5. The method of claim 2, wherein the training operation is performed by minimizing θ^*To obtain said minimum θ^*Expressed as:

wherein n represents the number of training data samples; θ ═ w, b } and θ' ═ w^TAnd b' respectively denote parameter matrices of an encoder and a decoder; theta^*，θ′^*Expressed as an optimized parameter matrix; x is the number of⁽ⁱ⁾Is an input from an encoder, z⁽ⁱ⁾＝f′θ′(fθ(X⁽ⁱ⁾) Is the output from the encoder; e (x, z) is a loss function, and E (x, z) is expressed as:

where N is the vector dimension and k is the dimension subscript.

6. The deep self-encoder based fraud identification method of claim 1, wherein after said step of receiving raw speech data collected by an audio collection device while conducting an interview, the method further comprises the steps of:

storing the raw speech data into a blockchain.

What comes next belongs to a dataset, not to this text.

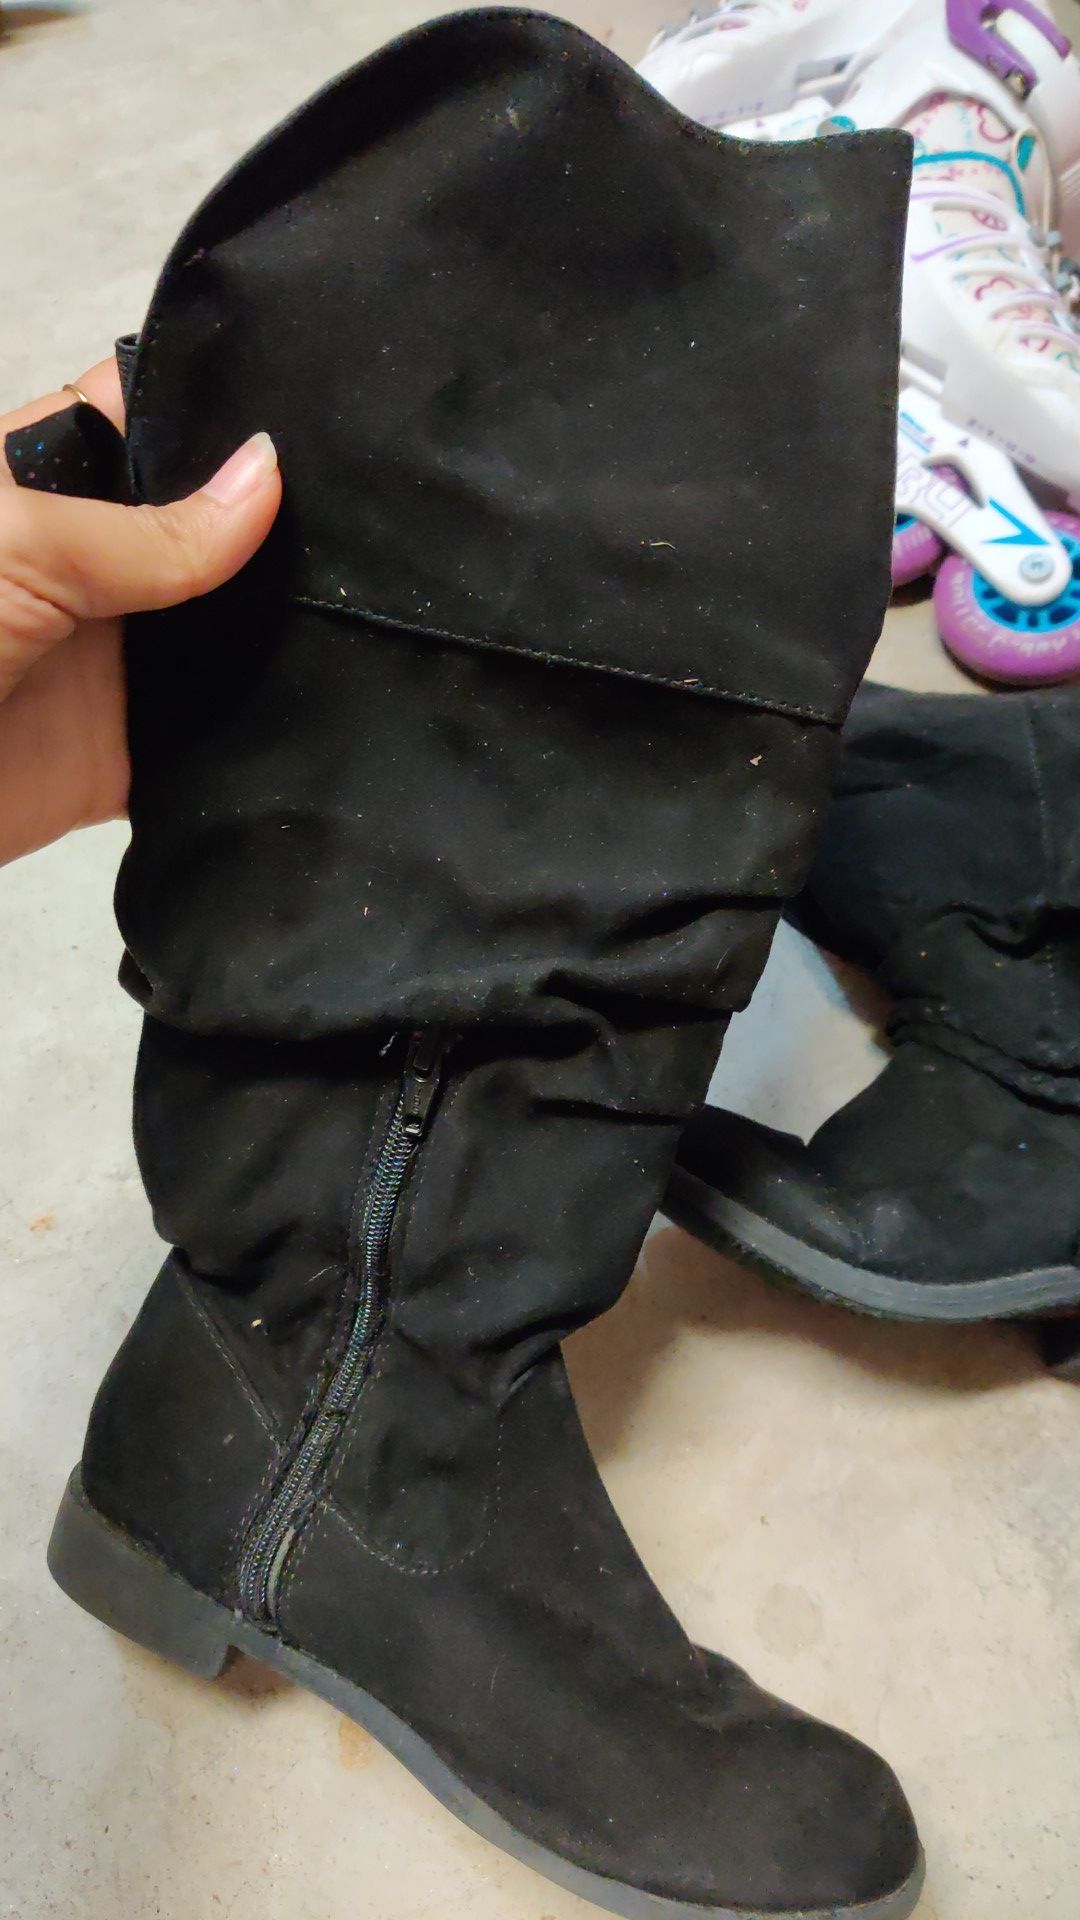 Girl size 12 $5 boots

7. An apparatus for identifying fraud based on a depth self-encoder, comprising:

8. The apparatus for deep self-encoder based fraud identification of claim 7, further comprising:

the training data acquisition module is used for reading a local database and acquiring training voice data in the local database;

the device comprises a construction module, a data processing module and a data processing module, wherein the construction module is used for constructing a default self-encoder which at least consists of one self-encoder;

the composition judgment module is used for judging whether the default self-encoder consists of one self-encoder or not;

a first result module, configured to, if the default self-encoder consists of one self-encoder, input the training speech data to the self-encoder for a self-encoder training operation, so as to obtain the depth self-encoder trained in advance;

a second result module, configured to, if the default self-encoder consists of one self-encoder, input the training speech data to a first self-encoder in the deep self-encoder to perform a self-encoder training operation, so as to obtain first training data;

the training operation module is used for inputting the first training data into a second self-encoder to carry out self-encoder training operation, and training the rest self-encoders one by one in sequence;

and the depth self-encoder confirming module is used for obtaining the depth self-encoder trained in advance after all the self-encoders finish the self-encoder training operation.

9. A computer device comprising a memory having computer readable instructions stored therein and a processor which when executed implements the steps of the method of deep self-encoder based fraud identification of claims 1 to 6.

10. A computer-readable storage medium, having computer-readable instructions stored thereon, which, when executed by a processor, implement the steps of the method for deep self-encoder based fraud identification according to any one of claims 1 to 6.